2018 Lecture 7: Raft (3) -- Snapshots, Linearizability, Duplicate Detection

this lecture:
  Raft snapshots
  linearizability
  duplicate RPCs
  faster gets

*** Raft log compaction and snapshots (Lab 3B)

problem:
  log will get to be huge -- much larger than state-machine state!
  will take a long time to re-play on reboot or send to a new server

luckily:
  a server doesn't need *both* the complete log *and* the service state
    the executed part of the log is captured in the state
    clients only see the state, not the log
  service state usually much smaller, so let's keep just that

what entries *can't* a server discard?
  un-executed entries -- not yet reflected in the state
  un-committed entries -- might be part of leader's majority

solution: service periodically creates persistent "snapshot"
  [diagram: service state, snapshot on disk, raft log, raft persistent]
  copy of service state as of execution of a specific log entry
    e.g. k/v table
  service writes snapshot to persistent storage (disk)
  service tells Raft it is snapshotted through some log index
  Raft discards log before that index
  a server can create a snapshot and discard prefix of log at any time
    e.g. when log grows too long

what happens on crash+restart?
  service reads snapshot from disk
  Raft reads persisted log from disk
  Raft log may start before the snapshot (but definitely not after)
    Raft will (re-)send committed entries on the applyCh
      since applyIndex starts at zero after reboot
    service will see repeats, must detect repeated index, ignore

what if follower's log ends before leader's log starts?
  nextIndex[i] will back up to start of leader's log
  so leader can't repair that follower with AppendEntries RPCs
  thus the InstallSnapshot RPC

what's in an InstallSnapshot RPC? Figures 12, 13
  term
  lastIncludedIndex
  lastIncludedTerm
  snapshot data

what does a follower do w/ InstallSnapshot?
  ignore if term is old (not the current leader)
  ignore if follower already has last included index/term
    it's an old/delayed RPC
  if not ignored:
    empty the log, replace with fake "prev" entry
    set lastApplied to lastIncludedIndex
    replace service state (e.g. k/v table) with snapshot contents

philosophical note:
  state is often equivalent to operation history
  you can often choose which one to store or communicate
  we'll see examples of this duality later in the course

practical notes:
  Raft layer and service layer cooperate to save/restore snapshots
  Raft's snapshot scheme is reasonable if the state is small
  for a big DB, e.g. if replicating gigabytes of data, not so good
    slow to create and write to disk
  perhaps service data should live on disk in a B-Tree
    no need to explicitly persist, since on disk already
  dealing with lagging replicas is hard, though
    leader should save the log for a while
    or save identifiers of updated records
  and fresh servers need the whole state

*** linearizability

we need a definition of "correct" for Lab 3 &c
  how should clients expect Put and Get to behave?
  often called a consistency contract
  helps us reason about how to handle complex situations correctly
    e.g. concurrency, replicas, failures, RPC retransmission,
         leader changes, optimizations
  we'll see many consistency definitions in 6.824
    e.g.
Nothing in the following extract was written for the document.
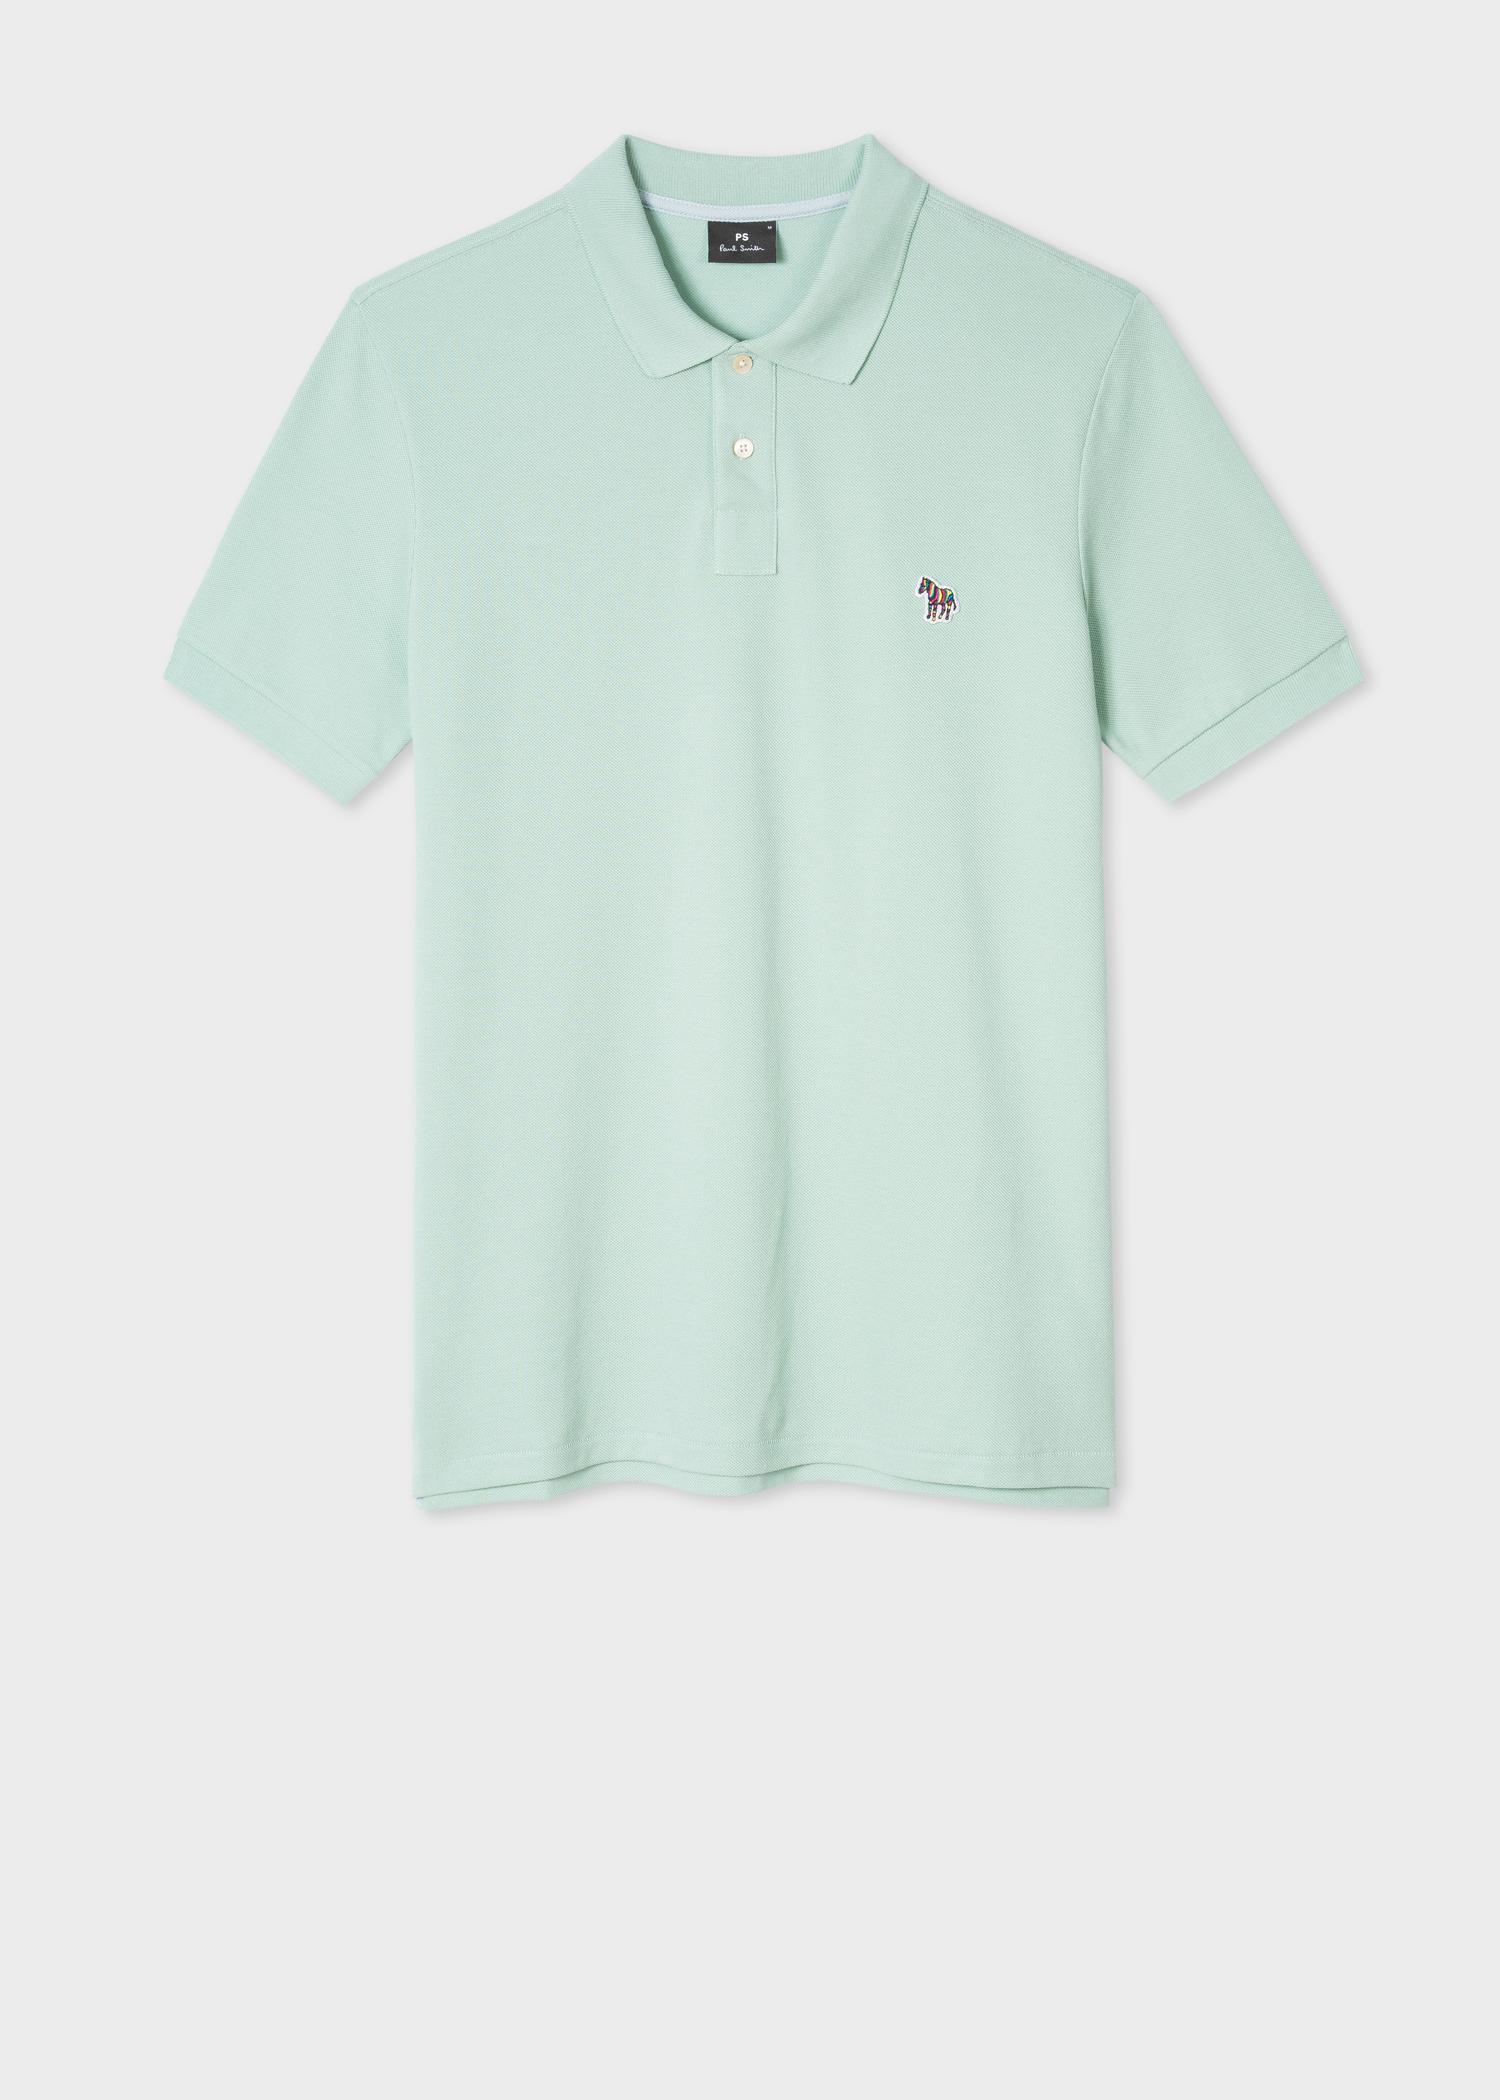 10b6a7b8b8 Paul Smith Mint Organic Cotton-Piqué Zebra Logo Polo Shirt in Green ...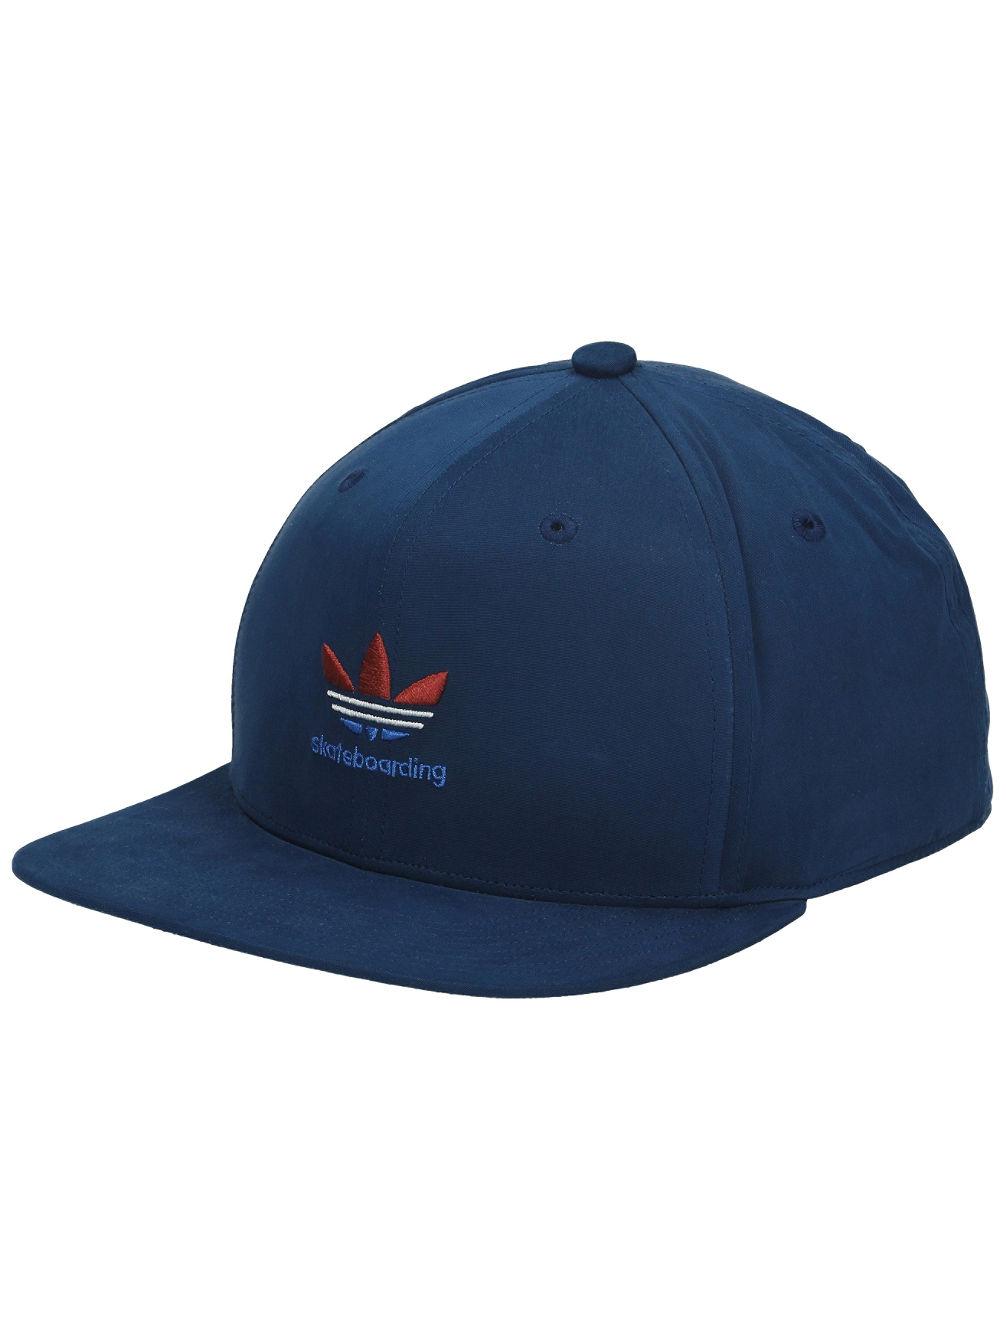 adidas-skateboarding-nautical-trefoil-snapback-cap

Spinnaker's timeline consistency

"linearizability" is the most common and intuitive definition
  formalizes behavior expected of a single server

linearizability definition:
  an execution history is linearizable if
    one can find a total order of all operations,
    that matches real-time (for non-overlapping ops), and
    in which each read sees the value from the
    write preceding it in the order.

a history is a record of client operations, each with
  arguments, return value, time of start, time completed

example 1:
  |-Wx1-| |-Wx2-|
    |---Rx2---|
      |-Rx1-|
"Wx1" means "write value 1 to record x"
"Rx1" means "a read of record x yielded value 1"
order: Wx1 Rx1 Wx2 Rx2
  the order obeys value constraints (W -> R)
  the order obeys real-time constraints (Wx1 -> Wx2)
  so the history is linearizable

example 2:
  |-Wx1-| |-Wx2-|
    |--Rx2--|
              |-Rx1-|
Wx2 then Rx2 (value), Rx2 then Rx1 (time), Rx1 then Wx2 (value). but
that's a cycle -- so it cannot be turned into a linear order. so this
is not linearizable.

example 3:
|--Wx0--|  |--Wx1--|
            |--Wx2--|
        |-Rx2-| |-Rx1-|
order: Wx0 Wx2 Rx2 Wx1 Rx1
so it's linearizable.
note the service can pick the order for concurrent writes.
  e.g. Raft placing concurrent ops in the log.

example 4:
|--Wx0--|  |--Wx1--|
            |--Wx2--|
C1:     |-Rx2-| |-Rx1-|
C2:     |-Rx1-| |-Rx2-|
we have to be able to fit all operations into a single order
  maybe: Wx2 C1:Rx2 Wx1 C1:Rx1 C2:Rx1
    but where to put C2:Rx2?
      must come after C2:Rx1 in time
      but then it should have read value 1
  no order will work:
    C1's reads require Wx2 before Wx1
    C2's reads require Wx1 before Wx2
    that's a cycle, so there's no order
  not linearizable!
so: all clients must see concurrent writes in the same order

example 5:
ignoring recent writes is not linearizable
Wx1      Rx1
    Wx2
this rules out split brain, and forgetting committed writes

You may find this page useful:
https://www.anishathalye.com/2017/06/04/testing-distributed-systems-for-linearizability/

*** duplicate RPC detection (Lab 3)

What should a client do if a Put or Get RPC times out?
  i.e. Call() returns false
  if server is dead, or request dropped: re-send
  if server executed, but request lost: re-send is dangerous

problem:
  these two cases look the same to the client (no reply)
  if already executed, client still needs the result

idea: duplicate RPC detection
  let's have the k/v service detect duplicate client requests
  client picks an ID for each request, sends in RPC
    same ID in re-sends of same RPC
  k/v service maintains table indexed by ID
  makes an entry for each RPC
    record value after executing
  if 2nd RPC arrives with the same ID, it's a duplicate
    generate reply from the value in the table

design puzzles:
  when (if ever) can we delete table entries?
  if new leader takes over, how does it get the duplicate table?
  if server crashes, how does it restore its table?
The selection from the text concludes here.